クリニックでの型どおりの診察が終わって処方箋を出してもらい、となりの調剤薬局へ行く。
「先日火事があったのはここのすぐそばだったはずだなあ」と思って、駐車場のなかを歩いていて「あのあたり」ではないのかというあたりを眺めてみると、住宅の屋根や木立ちの向こうに、焼け落ちて黒焦げの柱だけが残っている「火事あと」が見えるのだった。ああ、やっぱりあの方角だったか。近いからあとで行ってみようと思った。
調剤薬局では「来年のカレンダー」が置かれていて、自由に持ち帰れるもので、わたしももらって帰ってきた。
わたしはもう何年も、自宅の部屋に貼っておくカレンダーはこの調剤薬局でもらったカレンダーなのである。かわいいペットの写真が(毎年3枚)載せられているのだけれども、以前はネコの写真もまざっていたのが、今年も来年も全部イヌの写真なのだった。ま、いいけれども。
というわけで、調剤薬局を出てから「火事あと」を見物に行った。歩いて1分もかからずに現場に到着した。こういう「災害」の跡地をわざわざ見に行くということには、心のなかでそういう自分の「野次馬気分」を非難する気もちがあるのは確かだけれども、それでもわたしたちは、自分自身がそういう「災厄」にいつ直面するかわからない世界に生活している。「災厄」というものの現実をしっかりと目にして、記憶に焼き付けておくことは不道徳なことではないだろうと思っている。
報道では6棟が全焼したということだったが、火事としては規模の大きい方だと思う。出火したのが日曜の午後だったということもあって、人的被害もなかったということが「不幸中の幸い」だっただろう。
下の写真が火災現場のだいたいの全景。こう言っちゃ不謹慎かもしれないけれども、まさに「火事あと」というもののステレオタイプな情景ではないかと思う。屋根は焼け落ち、家の支柱が黒焦げで直立したまま残っている。手すりは火の熱でひん曲がってしまっているようだ。近隣の家屋は道路のおかげで延焼が防がれたのかとも思うが、道路の向かいの家とかは気が気ではなかっただろう。
これから暖房に頼る季節になり、毎日のように「火災」のニュースがつづいているし、人的被害も出ているようだ。ウチは過剰な暖房とか使っていないし、キッチン周辺から出火することもないだろうと楽観的な気分ではいるのだが、ガスレンジの火をつけっぱなしにしたらどうなるか、ガス漏れに気づかなかったらどうなるか、危険がないわけでもない。気を引き締めていよう。
さて、帰宅して昼食にかんたんな煮物をつくったのだが、食事を終えて、お皿に煮物のしょうゆ味のおつゆが多少残ったまま、テーブルにそのまま出しっぱなしにしていてしまった。
するとわたしが目を離したスキにニェネントくんがやってきて、残っていたおつゆをきれいに舐めてしまったのだった。

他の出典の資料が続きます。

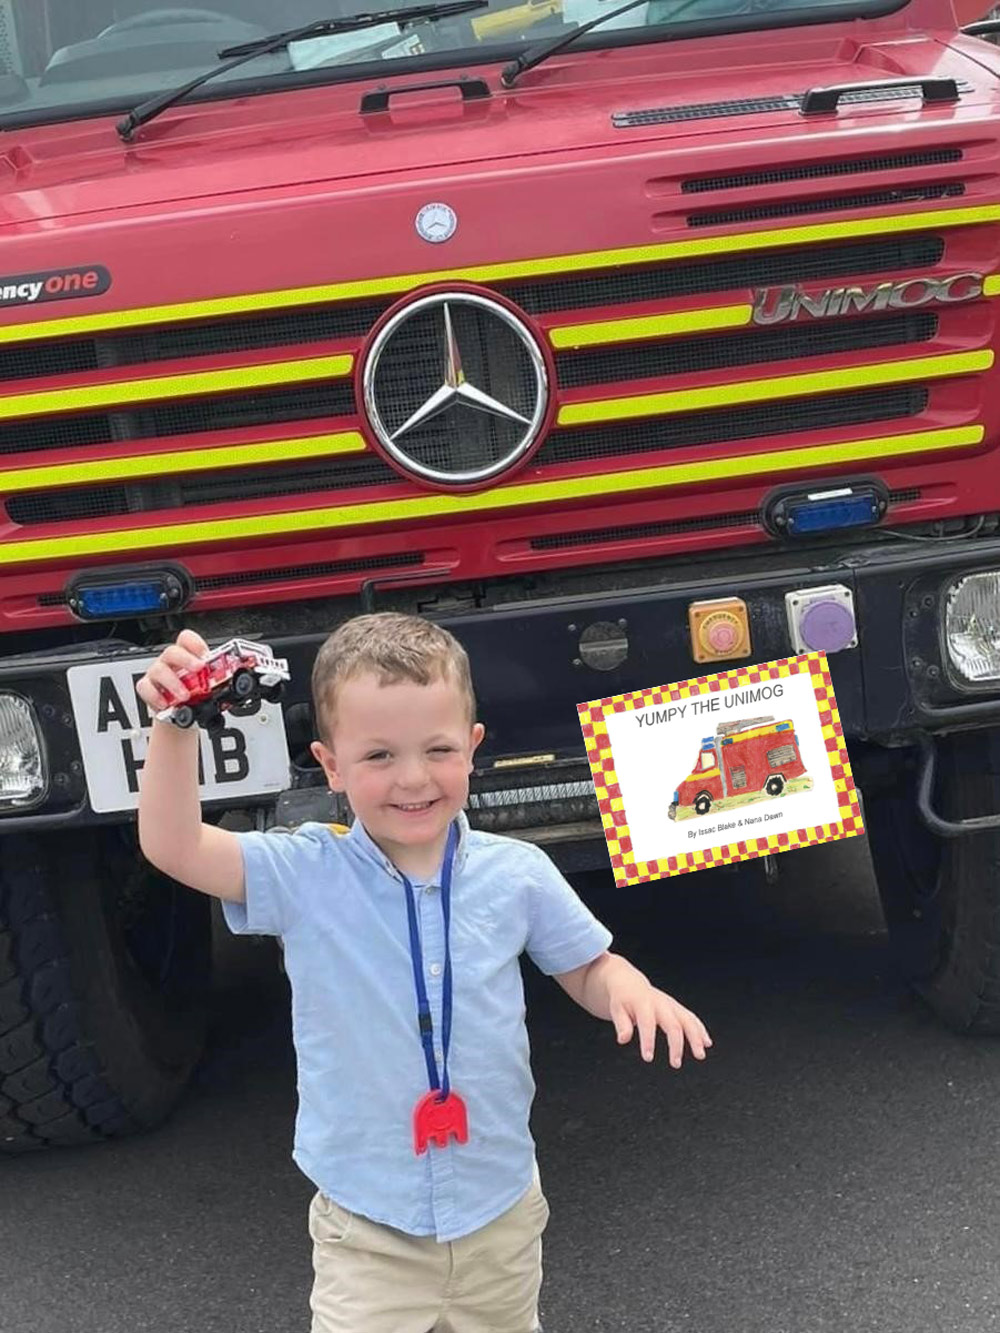 YOUNG Issac Blake (pictured) from Swanage loves fire engines so much he is writing a series of children’s books about them.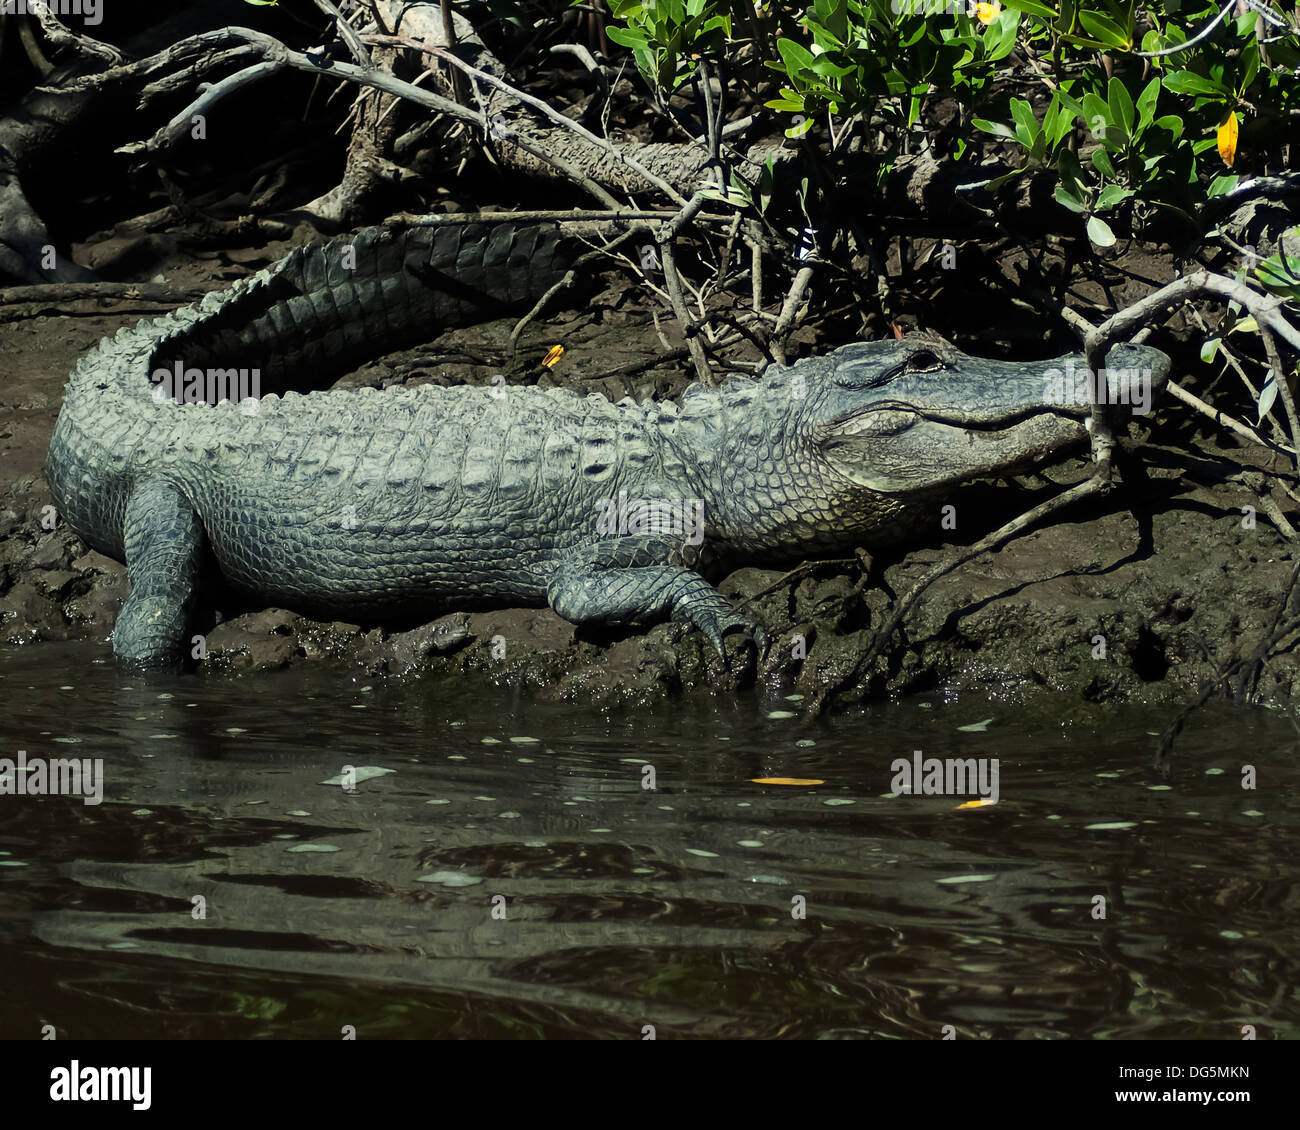 An alligator sitting on the shore of the swamp Stock Photo

‥‥むむむ、出しっぱなしにしていたわたしがいけないのだけれども、その「しょうゆ味のおつゆ」は、塩分も高すぎて「ネコちゃんにはご法度」なのです。
せっかく動物病院の血液検査で「健康です」と言われたばかりなのに、こんなことで健康をそこなったりしたならば、わたしも泣くに泣けませんね。お皿を片付けなかったわたしが、いちばんいけないのだけれども。
読んでいた『オードリー・タン 自由への手紙』を読み終えて、次は何を読もうかと考えるのだけれども、先日読んだナサニエル・ホーソーンがけっこう面白かったもので、「その時代のオーセンティックな作家を」と思い、ホーソーンのようにアメリカの作家ではないが、イギリスのトマス・ハーディの短編集『月下の惨劇』を読むことにした。